High-performance synthetic dataset generator for LLM training. Generates DPO, SFT, KTO, and MO-DPO datasets using any OpenAI-compatible API with hierarchical generation pipeline, checkpoint/resume support, and optional LLM-as-Judge evaluation.
./bin/vellumforge2 run --config config.toml- SFT - Simple instruction-output pairs for supervised fine-tuning
- DPO - Standard preference pairs (prompt, chosen, rejected) compatible with HuggingFace TRL
- KTO - Unpaired preferences with binary labels compatible with HuggingFace TRL KTOTrainer
- MO-DPO - Full multi-objective DPO with detailed judge scoring for reward modeling
- Concurrent worker pool supporting up to 1024 parallel requests or more
- Provider-level and per-model rate limiting with configurable burst capacity
- Checkpoint/resume for interrupted sessions
- Asynchronous judge evaluation (non-blocking)

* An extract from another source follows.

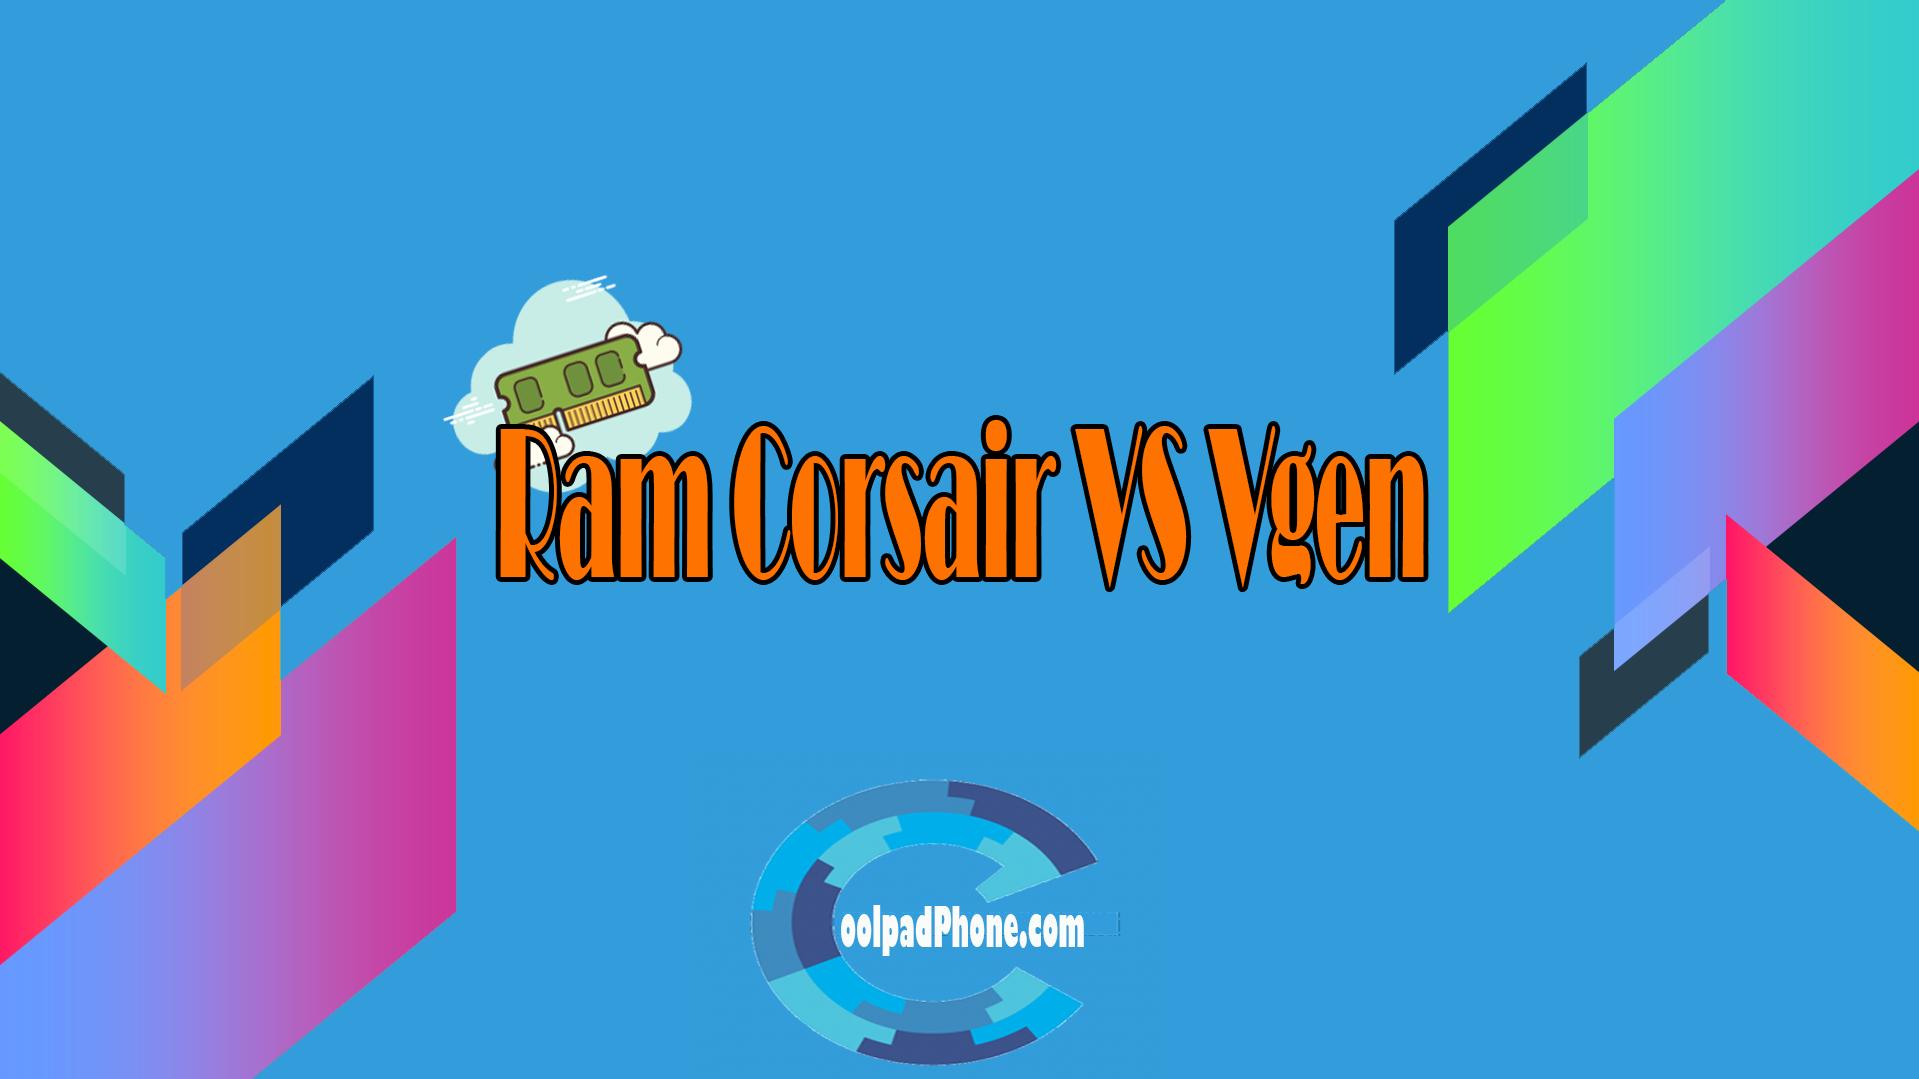 Ram Corsair VS Vgen

- Smart over-generation strategy achieving 95%+ count accuracy
- Robust 4-strategy JSON parsing with 99%+ success rate
Works with any OpenAI-compatible API: OpenAI, NVIDIA NIM, Anthropic, Together AI, llama.cpp, Ollama, LM Studio, kobold.cpp, vLLM, and more.
- Hierarchical generation: Main topic → Subtopics → Prompts → Preference pairs
- Custom prompt templates at every stage
- Optional LLM-as-Judge quality filtering (40-60% token savings vs full evaluation)
- Flexible rate limiting strategies
One-command dataset uploads with automatic repository creation using native NDJSON commit API (no external dependancies like HF CLI required).
Download from releases page for Linux, macOS (x86_64/ARM64), and Windows.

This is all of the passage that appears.